* [WHAT IS BEING ASKED]
Here the job is to copy the data exactly and to exclude every image from it.

* [DATA SECTION]
== Segment start ==
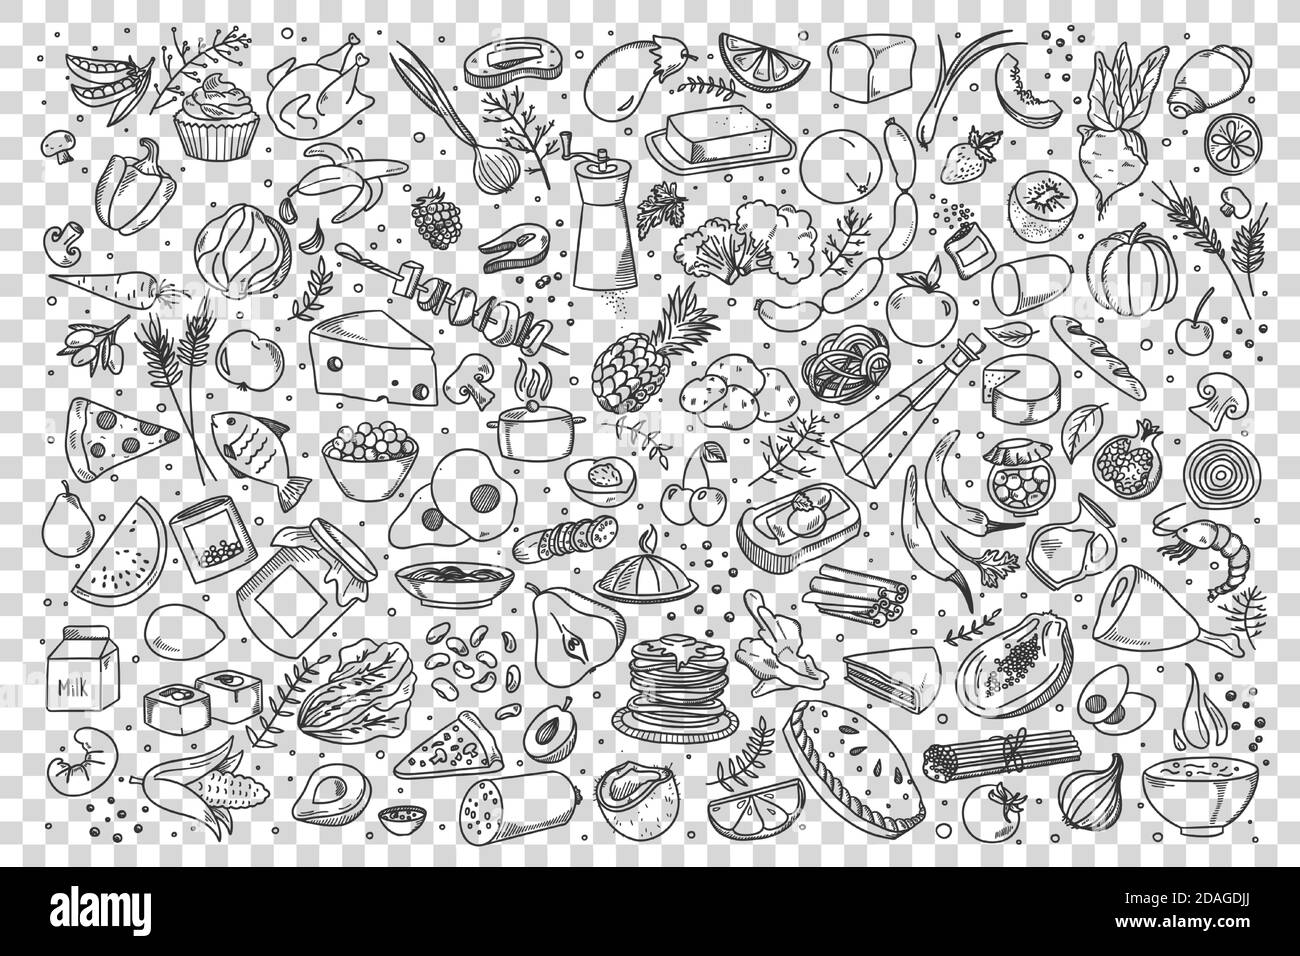 Food doodle set Stock Vector
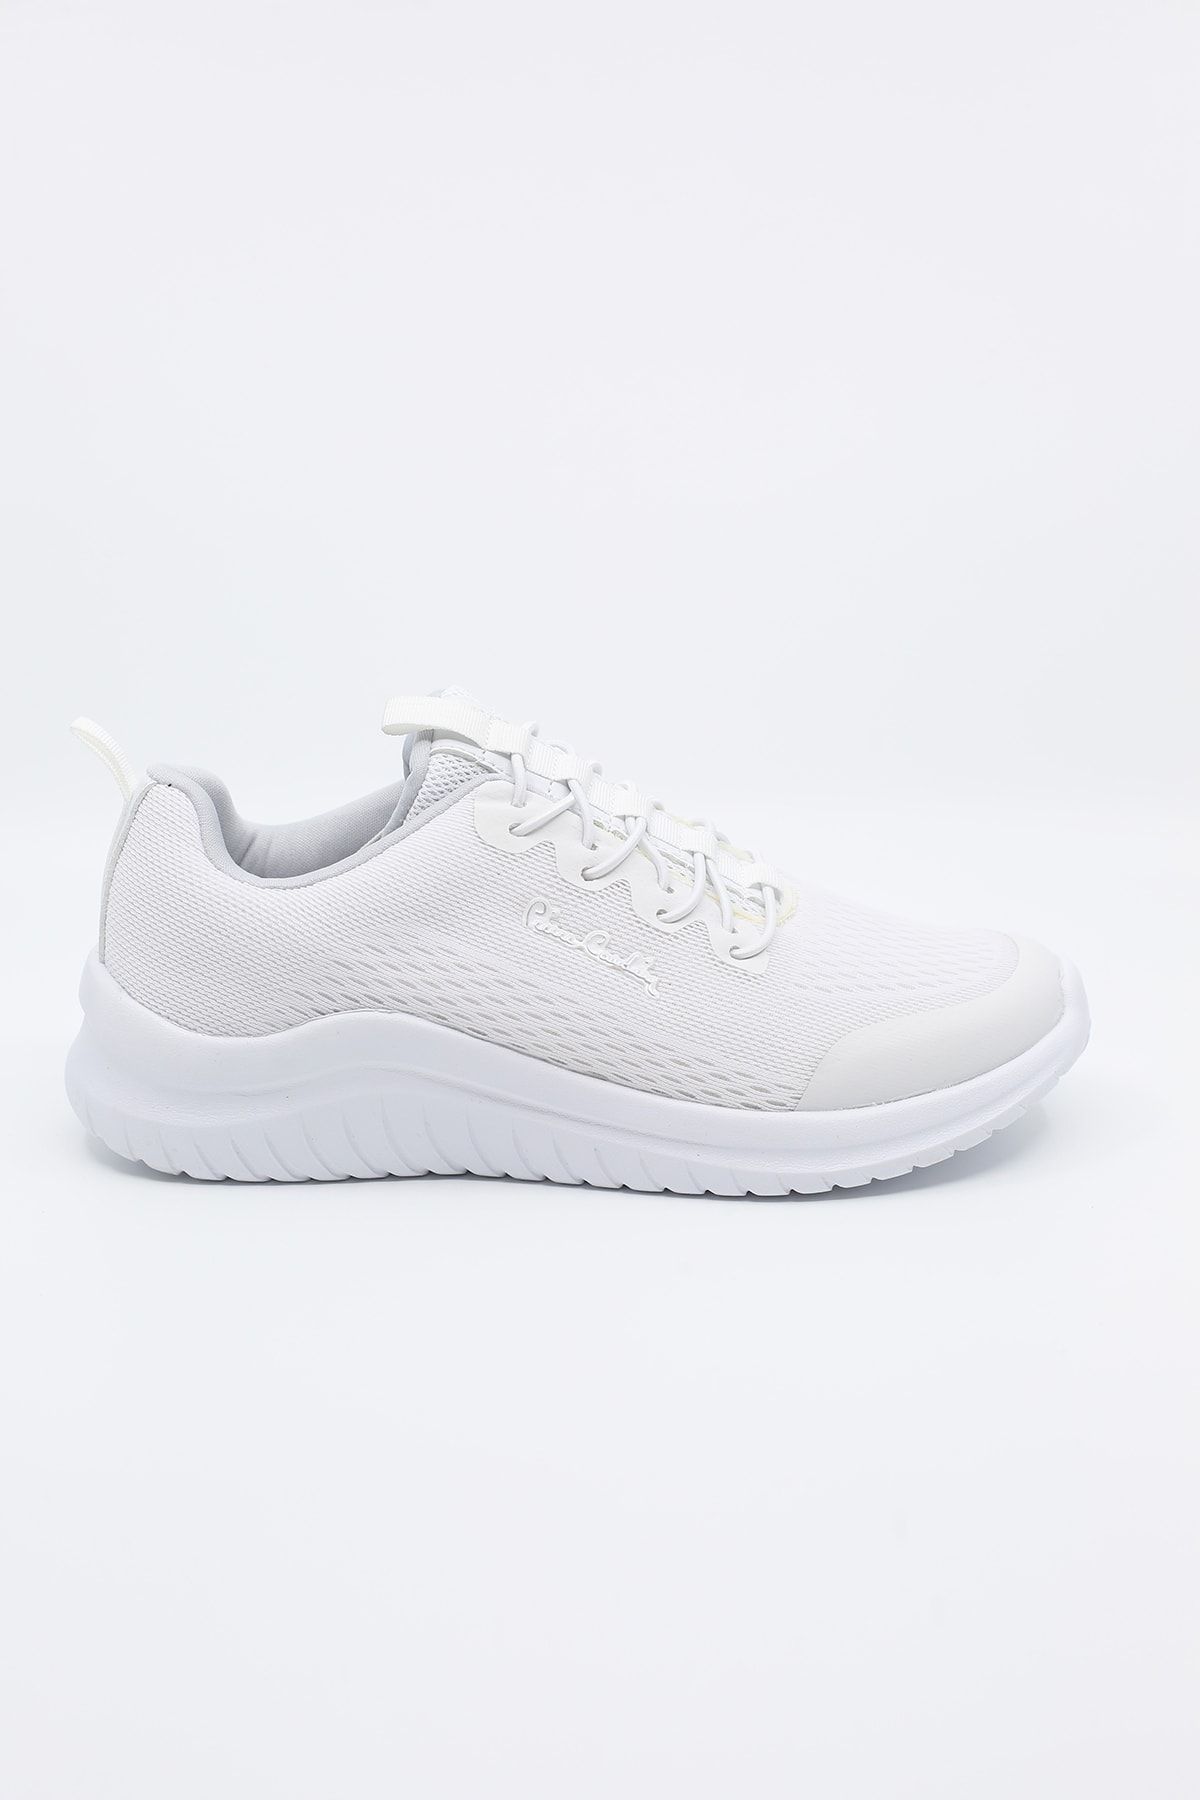 Pierre Cardin Kadın Spor Ayakkabı Pc-30555 Beyaz/white 21s0430555
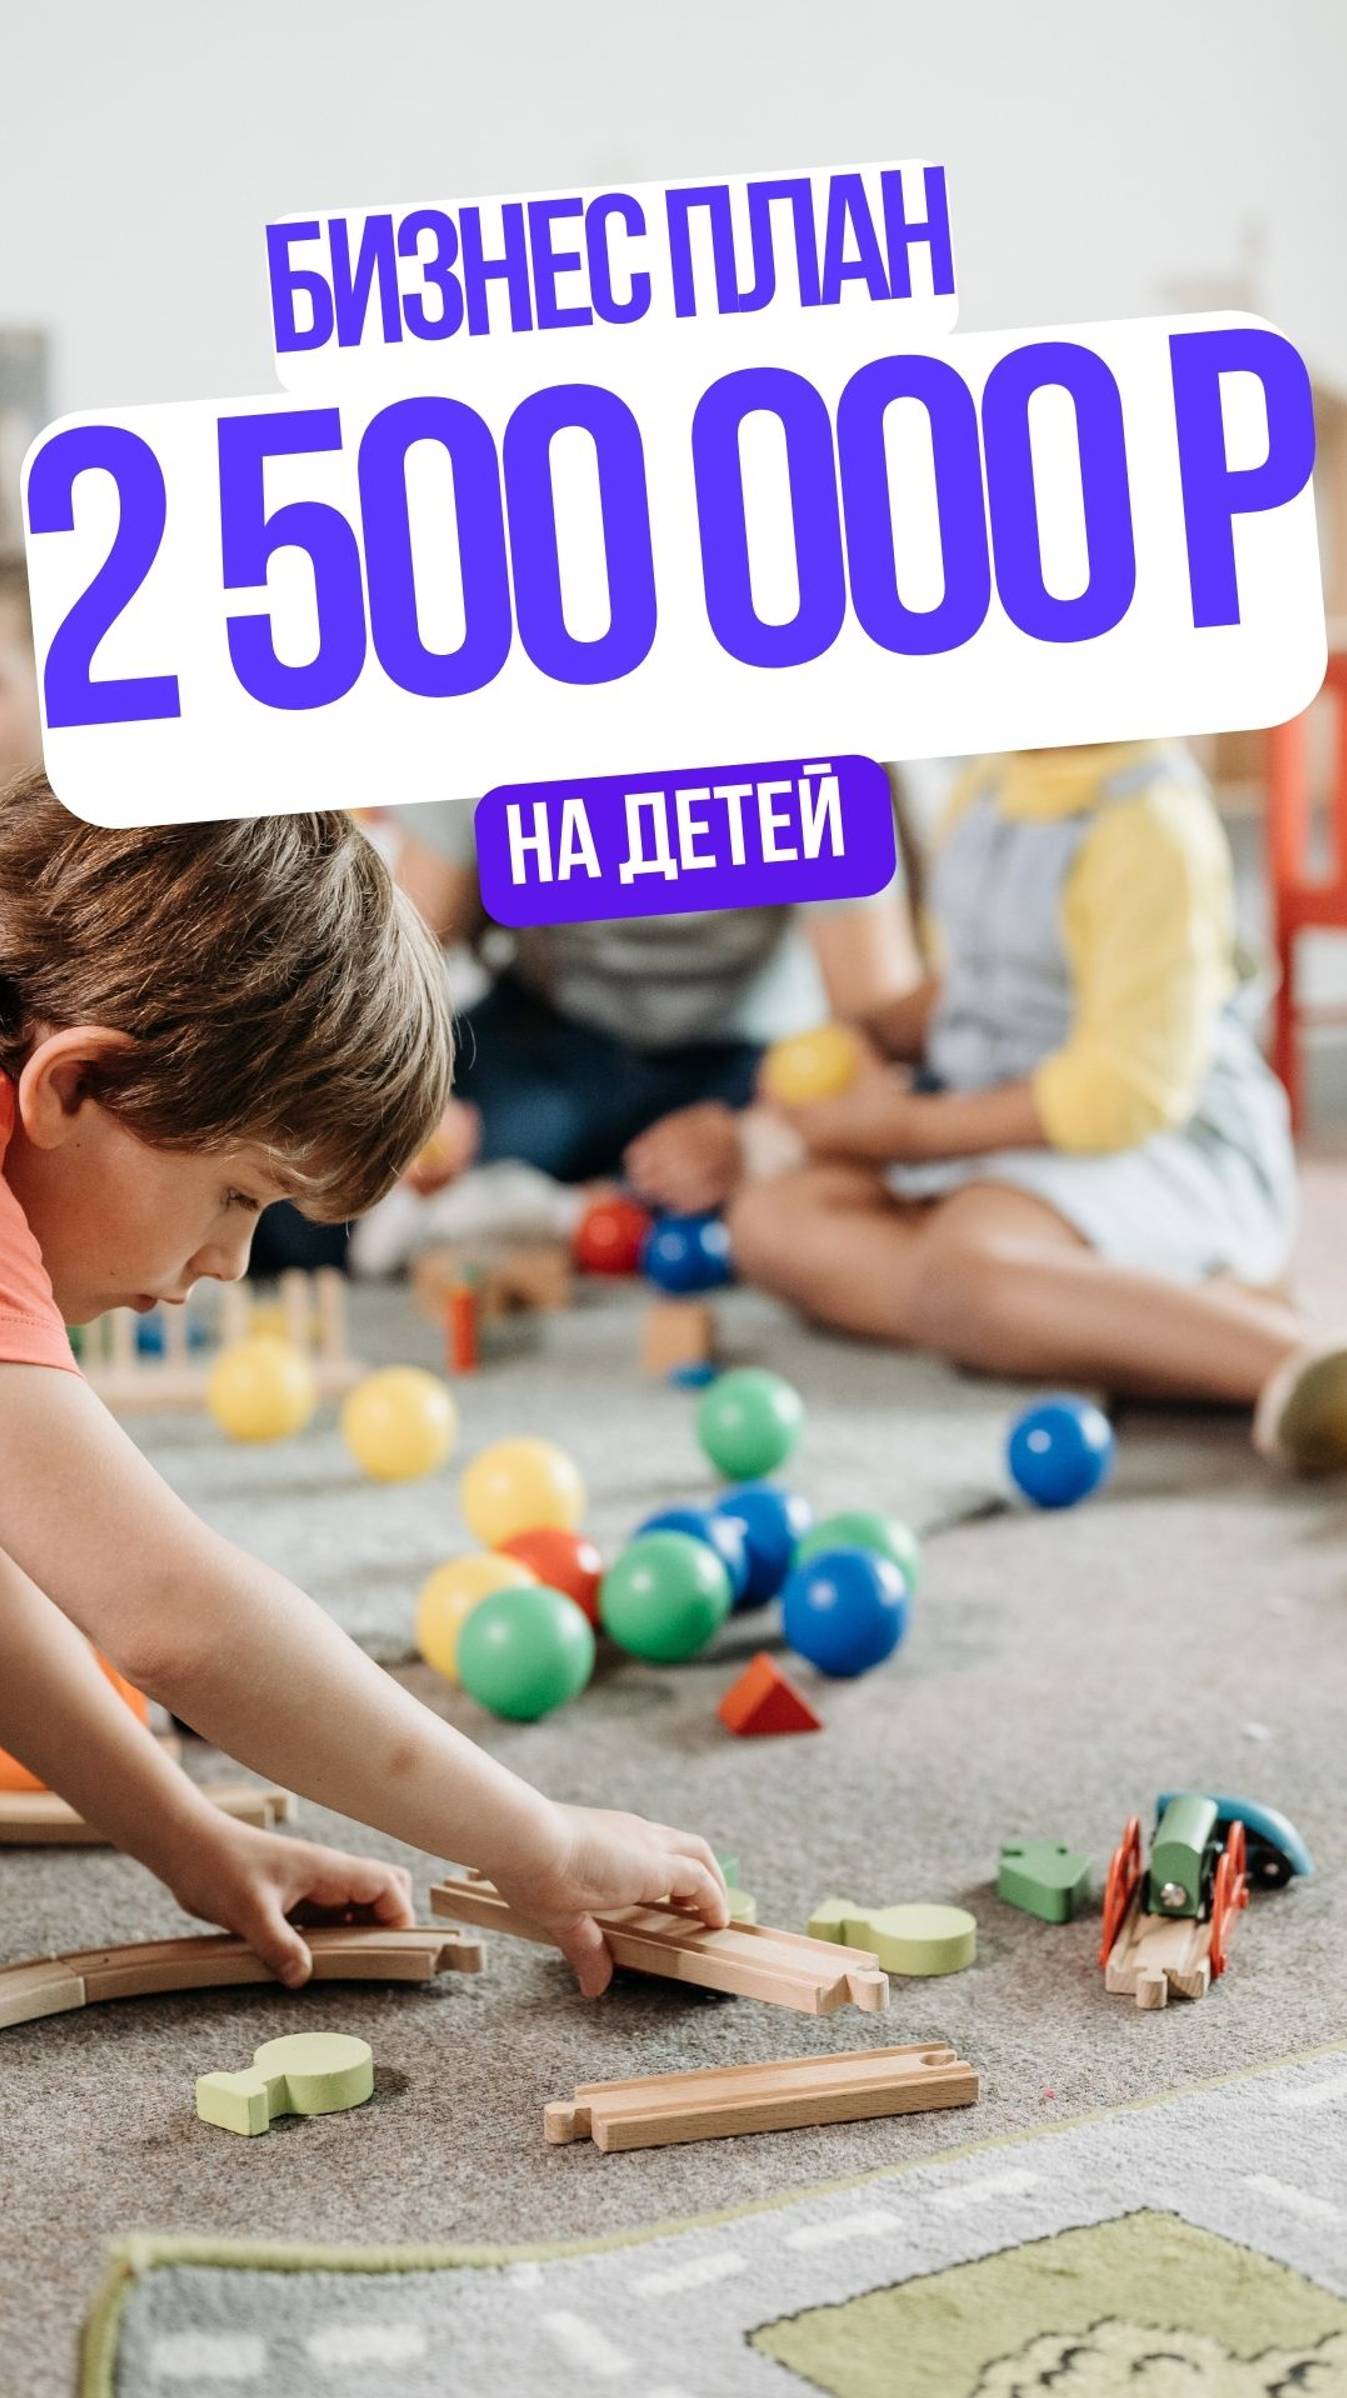 Как можно зарабатывать 2,5 млн рублей на детей.
== Segment end ==
* [REPLY]
 Food doodle set Stock Vector
 Pierre Cardin Kadın Spor Ayakkabı Pc-30555 Beyaz/white 21s0430555
 Как можно зарабатывать 2,5 млн рублей на детей.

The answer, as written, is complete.